Problem
Print out the full material below, exact in every line, with no images included.

Information provided
········
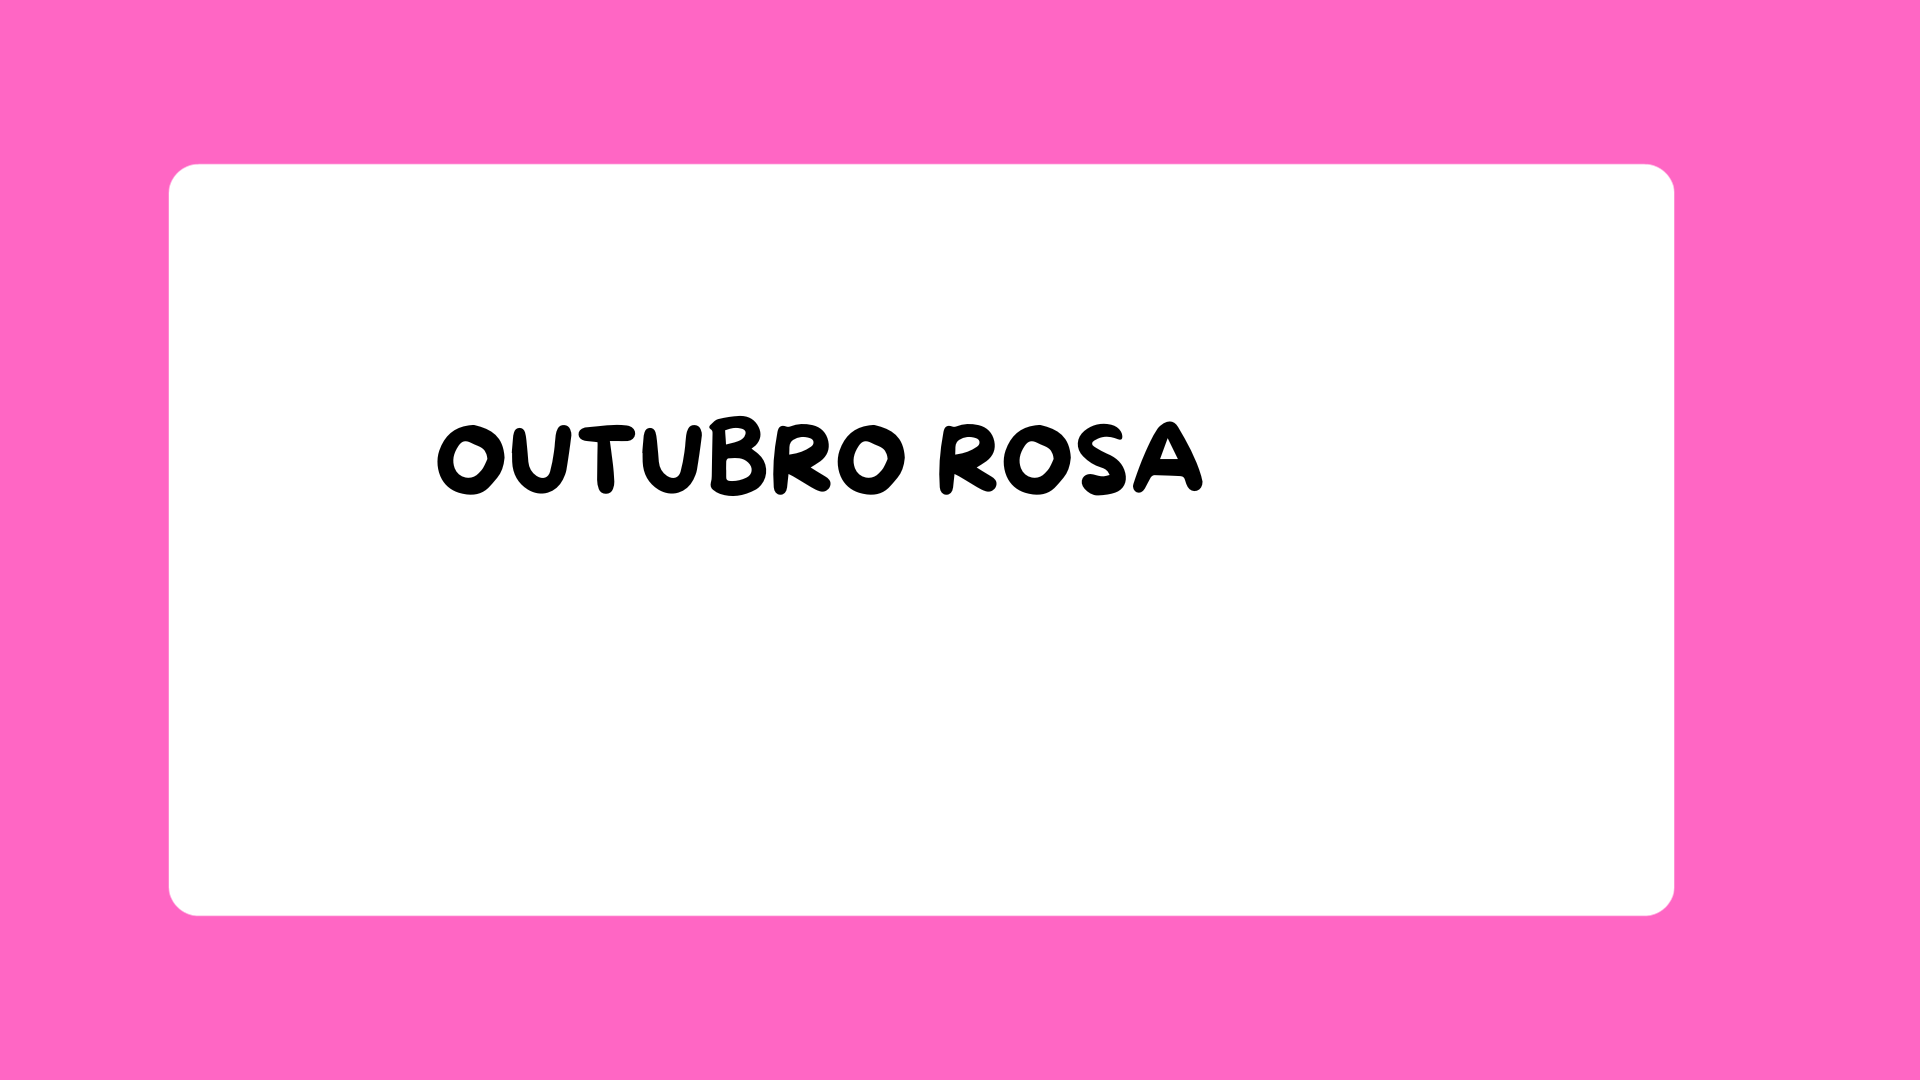 IMAGEM_-_OUTUBRO_ROSA-capa.png
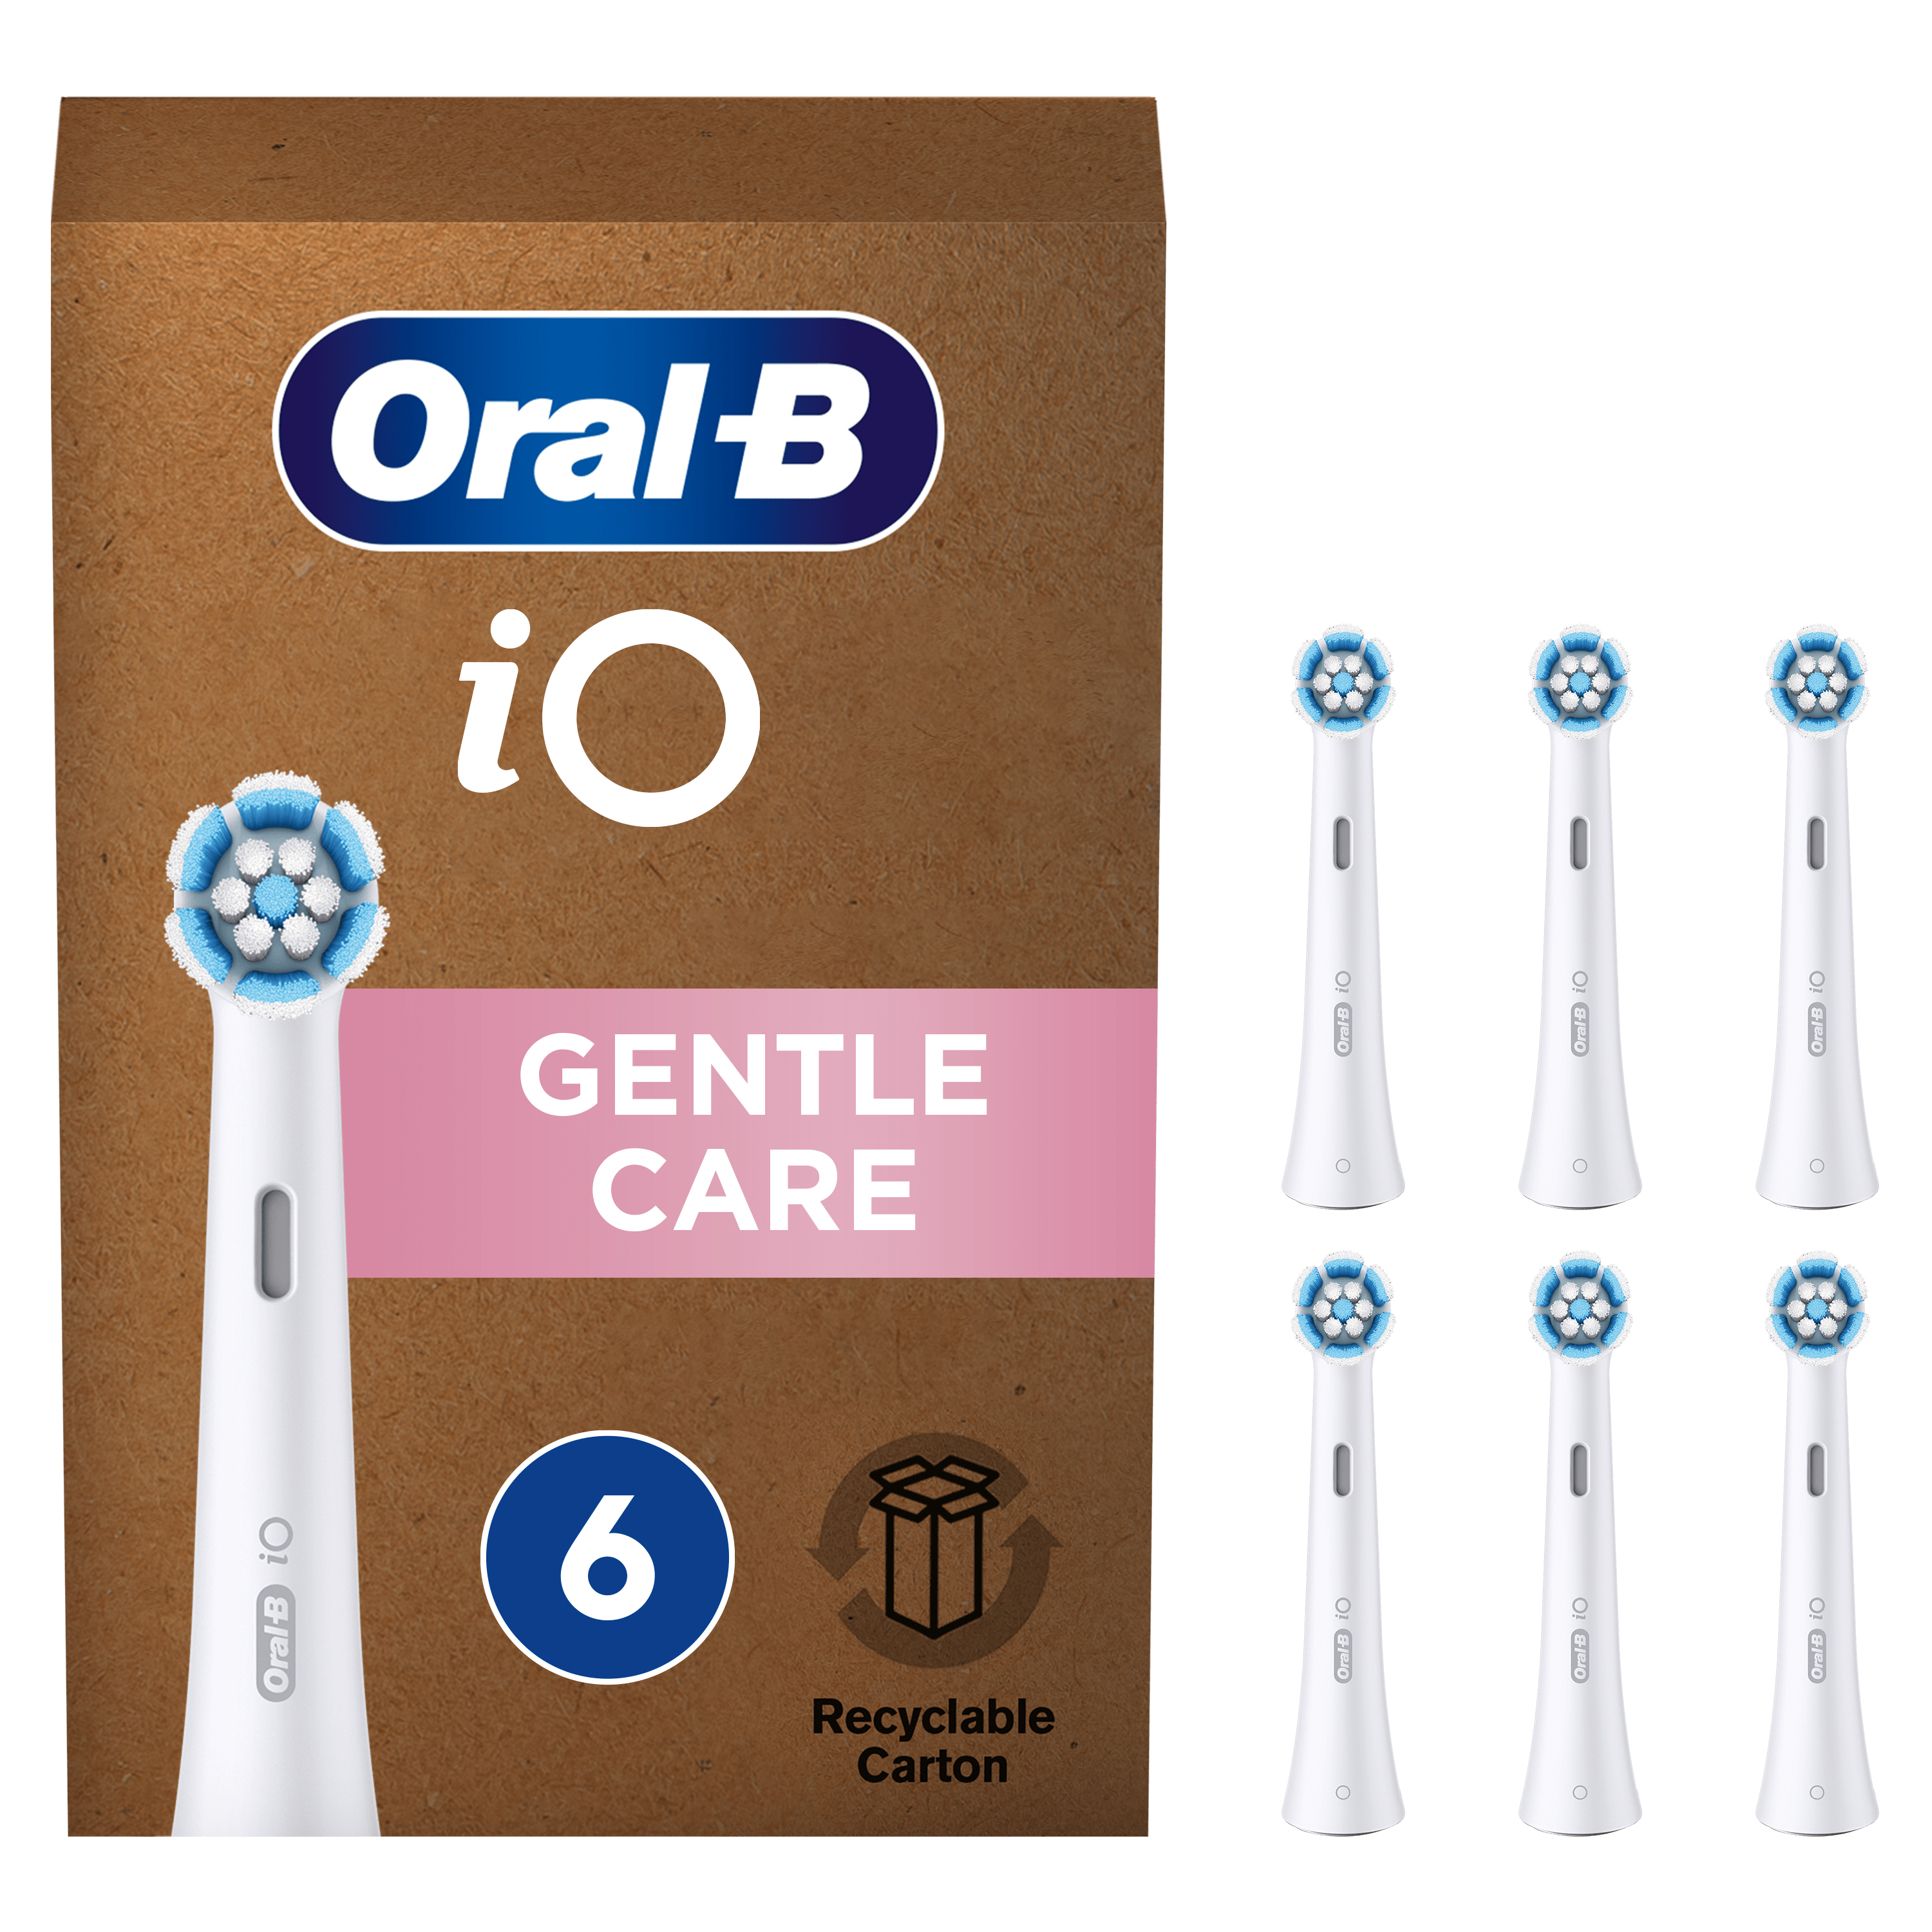 Cabezales de repuesto para cepillo de dientes Oral B iO, recambio
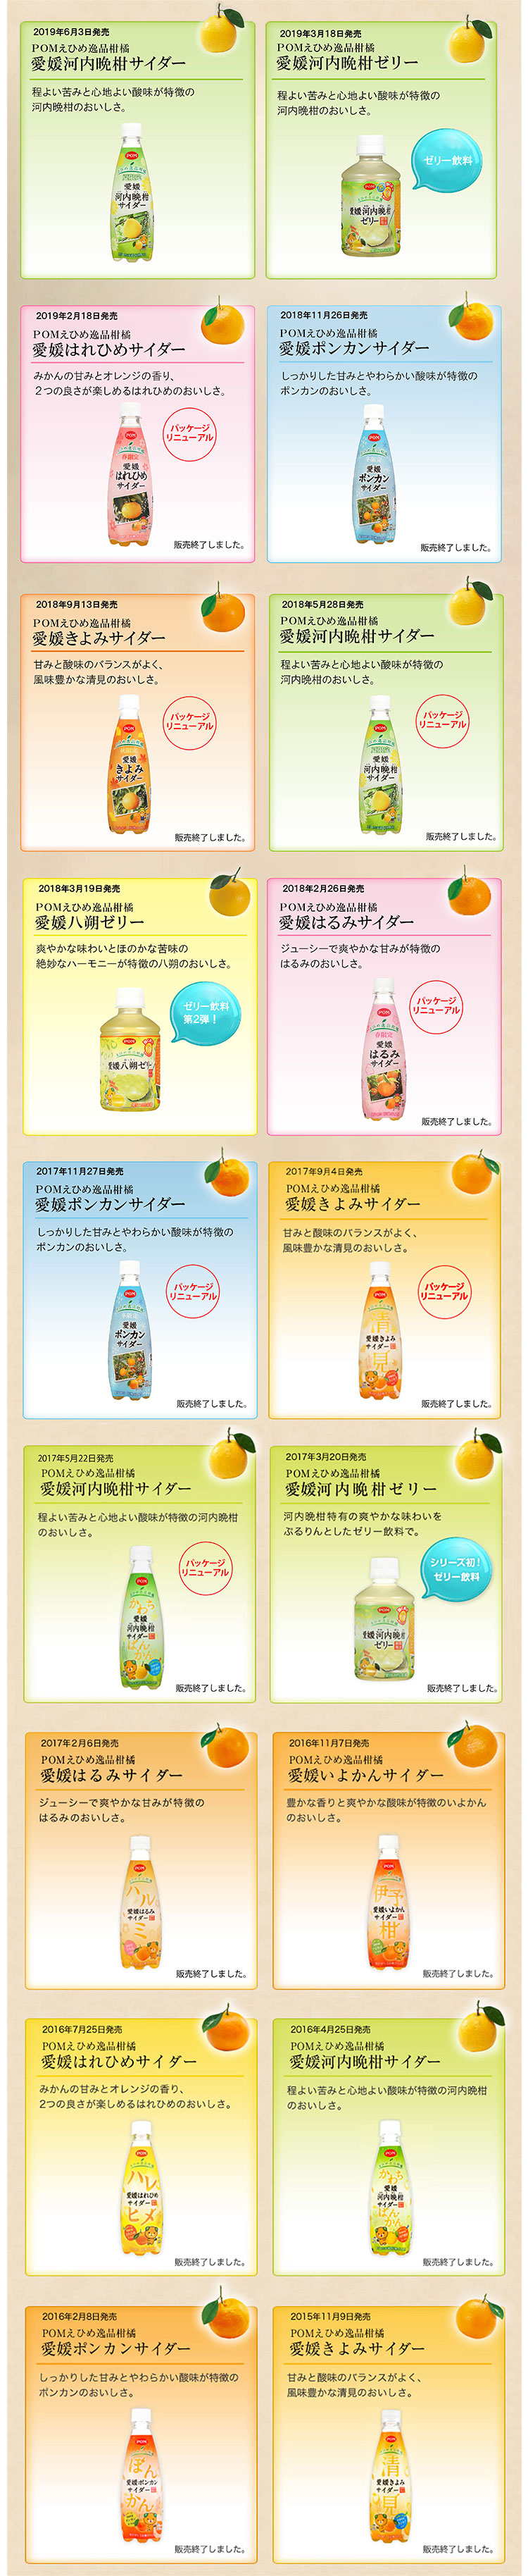 えひめ逸品柑橘シリーズ190524更新.jpg
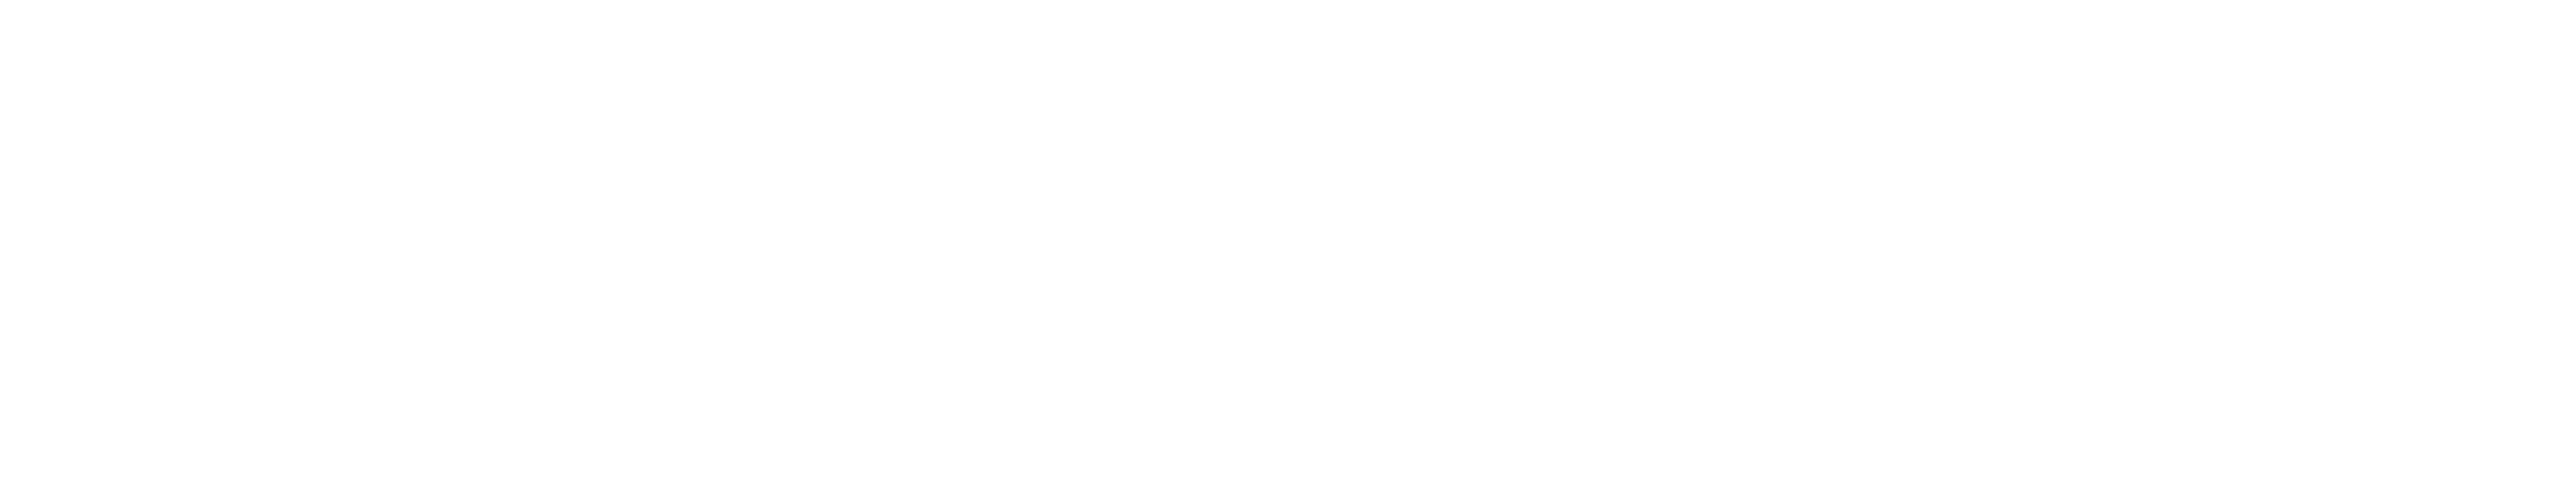 Customer Vehicle management Logo Logo 01
········
Solution to this exercise
 IMAGEM_-_OUTUBRO_ROSA-capa.png
 Cabezales de repuesto para cepillo de dientes Oral B iO, recambio
 えひめ逸品柑橘シリーズ190524更新.jpg
 Customer Vehicle management Logo Logo 01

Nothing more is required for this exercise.